- Bohova Location in Slovenia
- Coordinates: 46°30′32.94″N 15°39′24.35″E﻿ / ﻿46.5091500°N 15.6567639°E
- Country: Slovenia
- Traditional region: Styria
- Statistical region: Drava
- Municipality: Hoče–Slivnica

Area
- • Total: 2.39 km^{2} (0.92 sq mi)
- Elevation: 275 m (902 ft)

Population (2002)
- • Total: 234

= Bohova, Hoče–Slivnica =

Bohova (/sl/) is a settlement in the Municipality of Hoče–Slivnica south of Maribor in northeastern Slovenia. The area is part of the traditional region of Styria. The municipality is now included in the Drava Statistical Region.

==Name==
Bohova was attested in written records in 1255 as Bochew, and in 1441 as Wokaw. Like related Slavic place names (e.g., Bochowo in Poland and Bochov in the Czech Republic), the name is derived from the Slavic personal name *Boxъ, referring to early ownership or association with the place. Another conjecture regarding the origin of the name is that it refers to sides of bacon (boh), which the village produced for sale in Maribor.

==History==
===Roman period===
During the construction of the A1 Motorway in 1995 evidence of Roman-period settlement was uncovered near the village. The site was merely identified and not properly excavated or further investigated.

===Mass grave===
Bohova is the site of a mass grave associated with the Second World War. The Bohova Mass Grave (Grobišče Bohova) is located in the Marof Woods (Marofski les) 150 m southeast of the freeway.

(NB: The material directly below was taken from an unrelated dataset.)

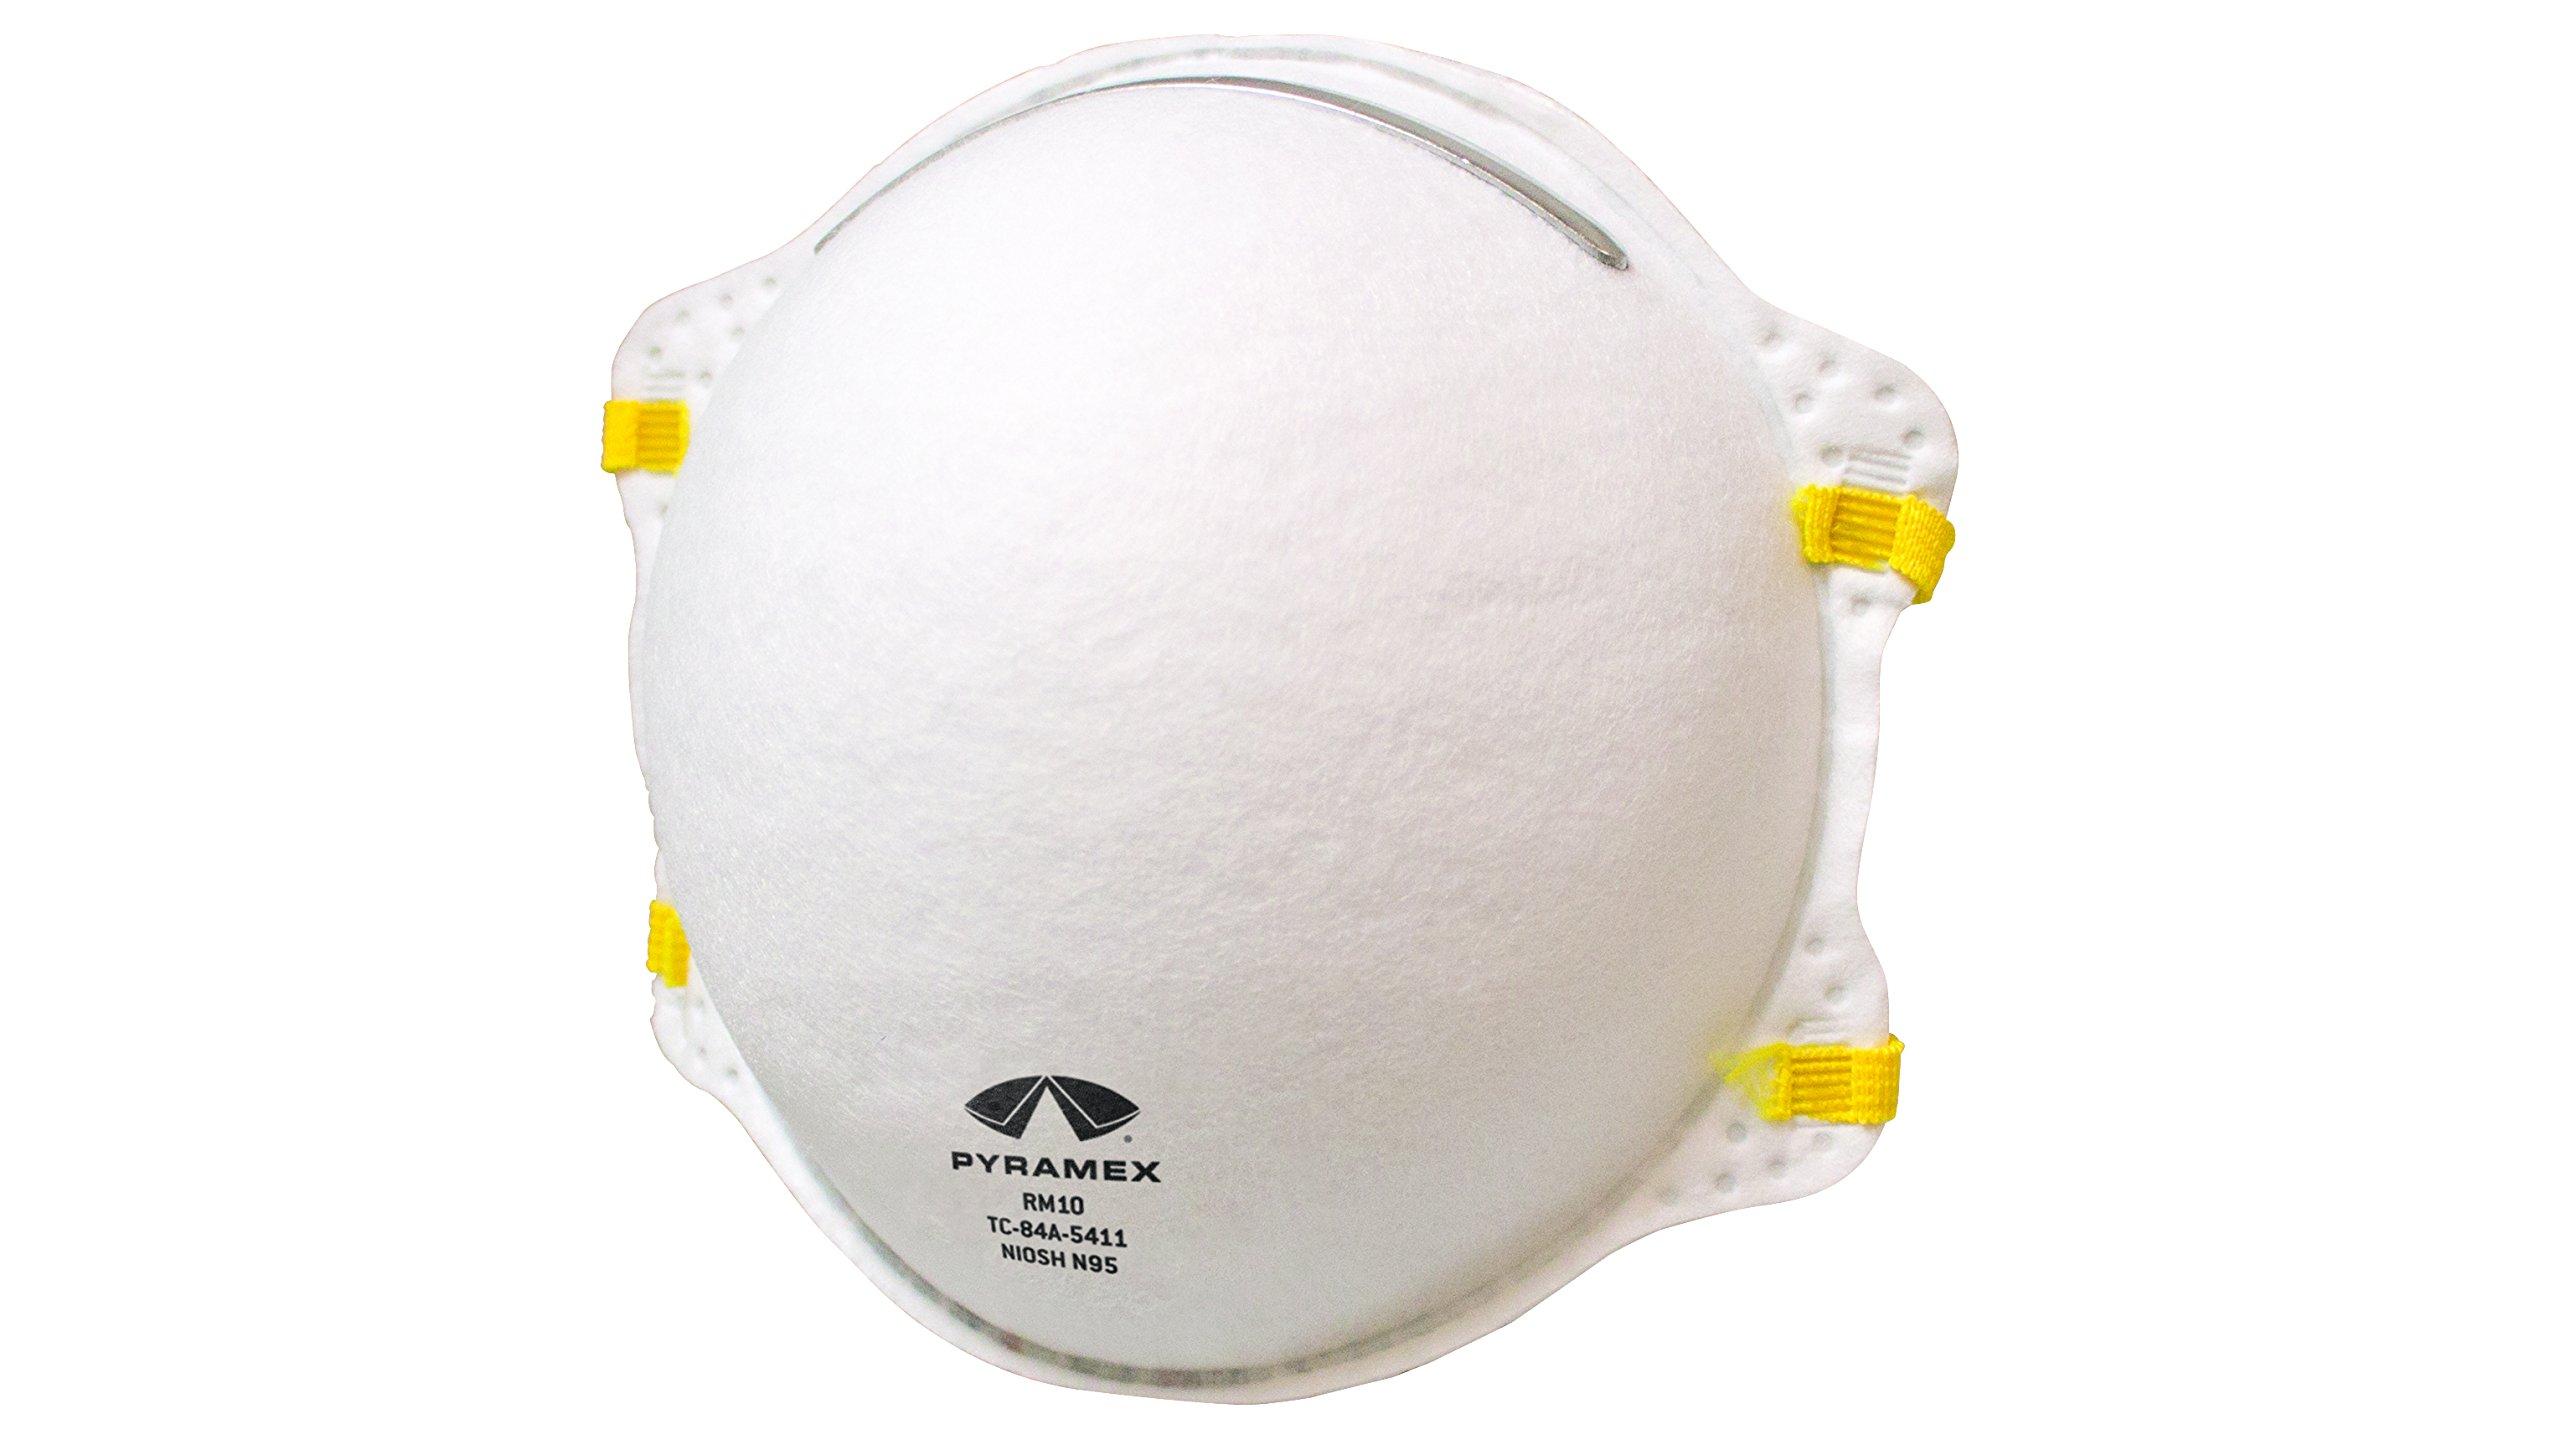 Pyramex RM10 N95 Particulate Dust Masks -Cone Respirator Masks (20 Pack)
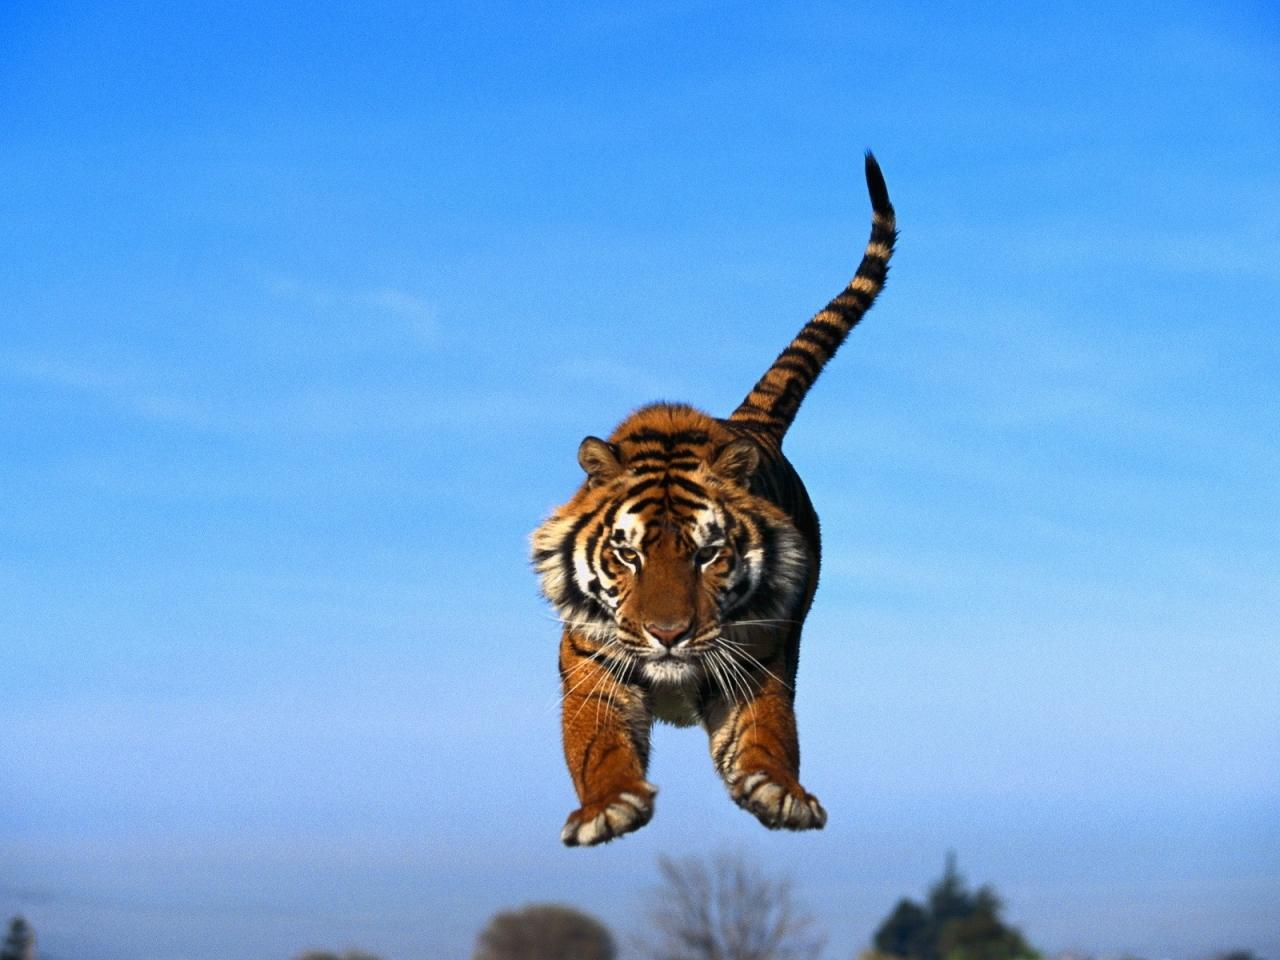 Un tigre saltando - 1280x960

It contains the remains of undetermined victims.

===Post–World War II===
In 1958, the Slovenija Sadje company converted a prewar slaughterhouse in the settlement into a refrigeration unit for meat and fruit. The premises were set up for processing fruit juices, primarily for export. The fire station in Bohova was renovated in 1977.

==Cultural heritage==
The village has a wayside shrine dating to the second half of the 18th century, and a chapel-shrine dating to the first half of the 19th century.